_What to do:_
Quote exactly, and only, the lines from the one containing "PANTONE 19-1245 TCX - Arabian" through the end of the material below. Skip pictures.

_Supplied material:_
=====
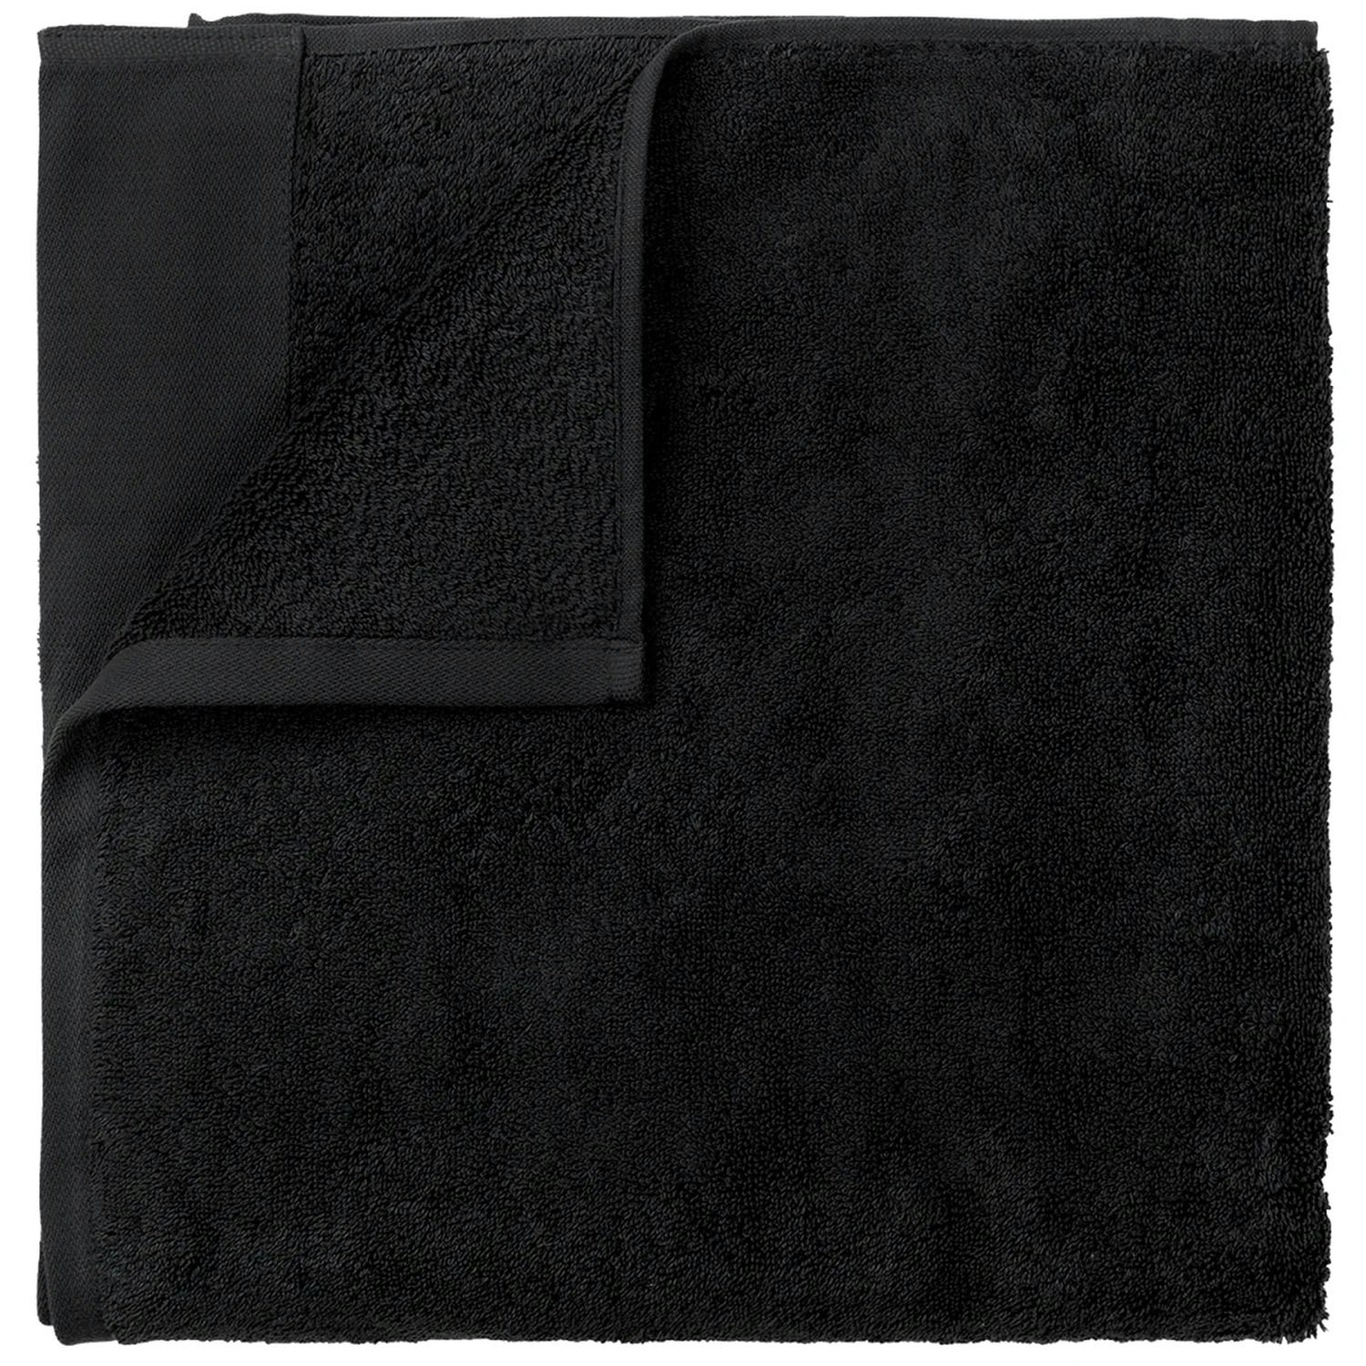 Riva Guest Towel 2-pack, Black
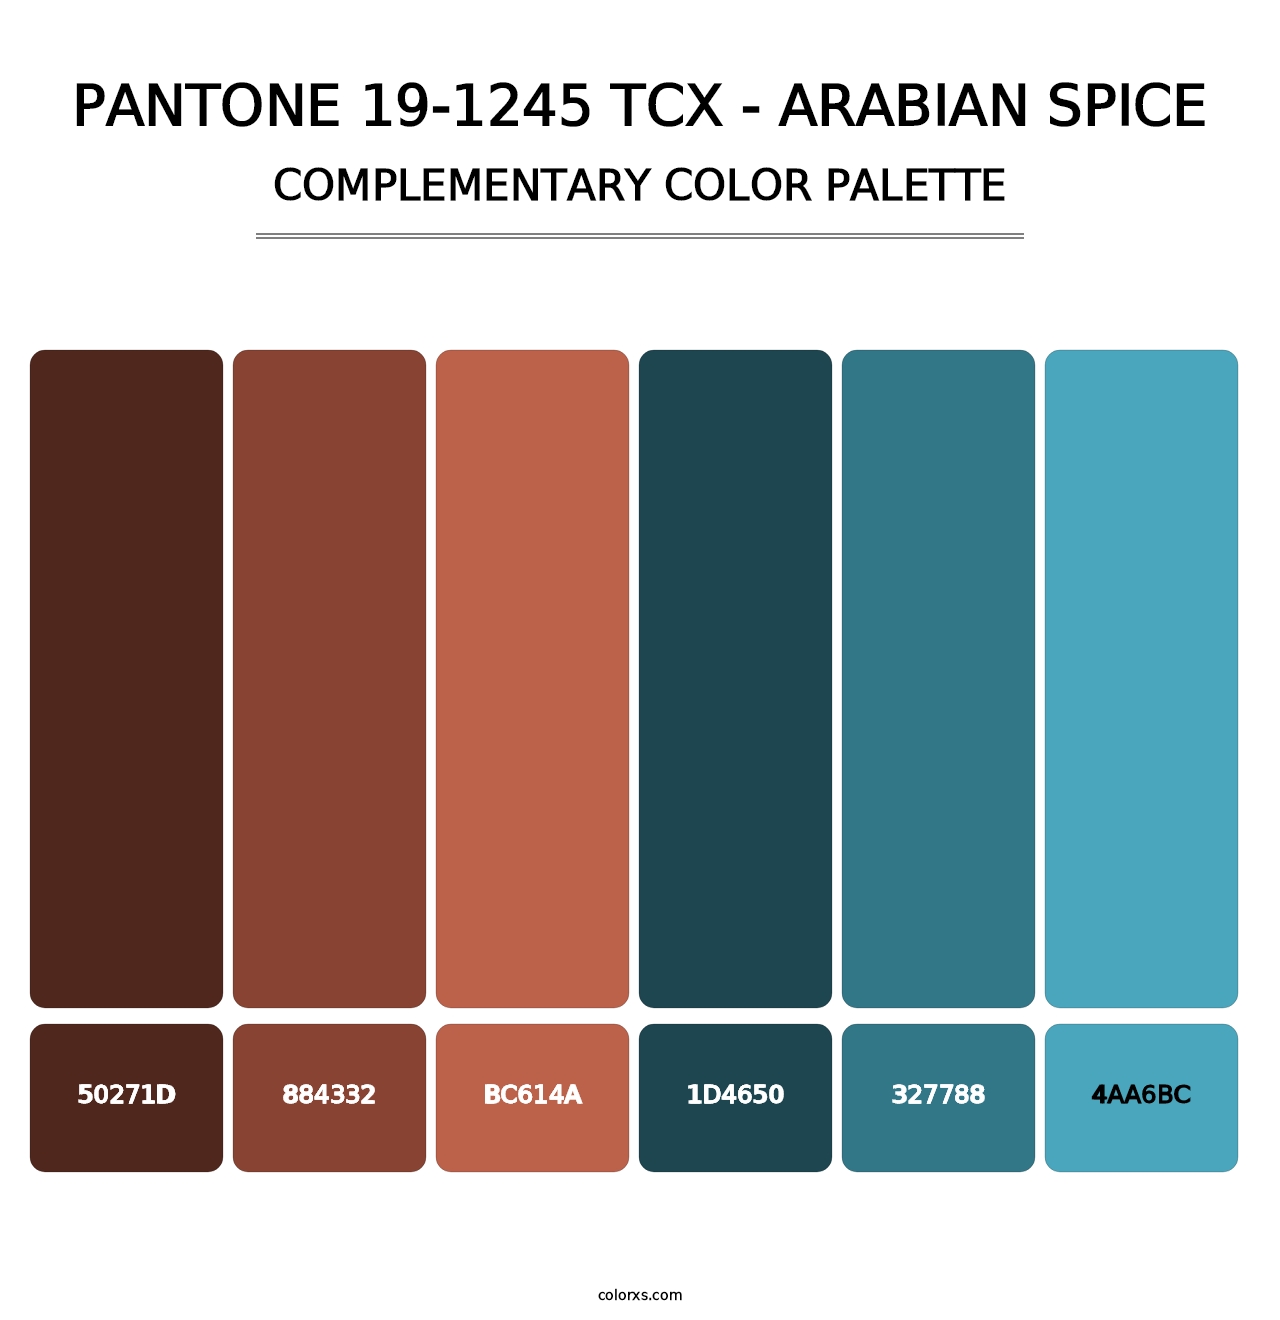 PANTONE 19-1245 TCX - Arabian Spice - Complementary Color Palette
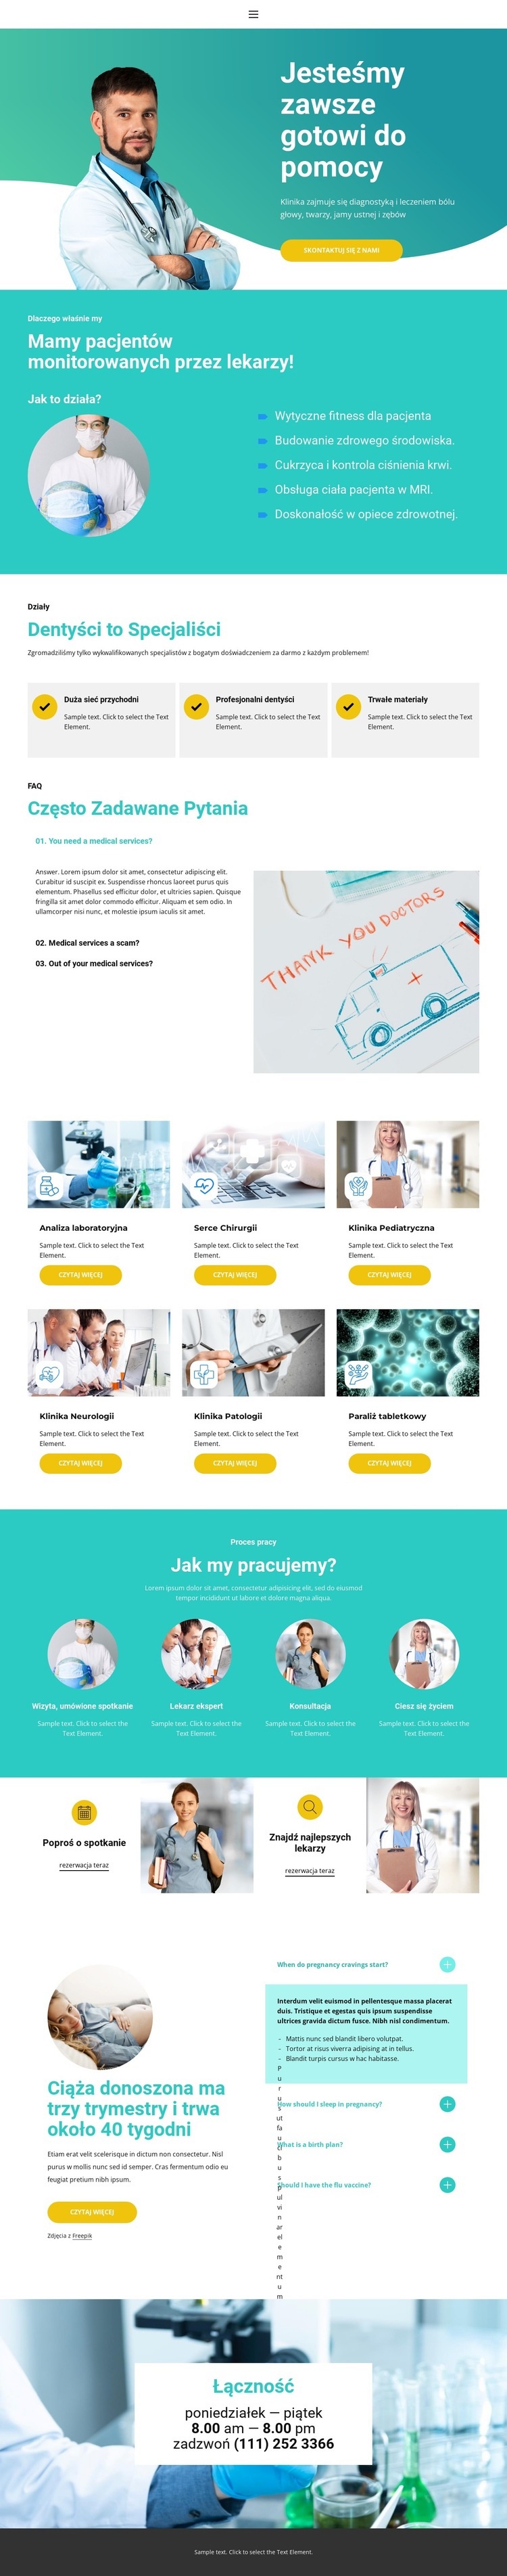 Nowe centrum medycyny Szablon HTML5
=====
_Answer space:_
 PANTONE 19-1245 TCX - Arabian Spice - Complementary Color Palette
 Nowe centrum medycyny Szablon HTML5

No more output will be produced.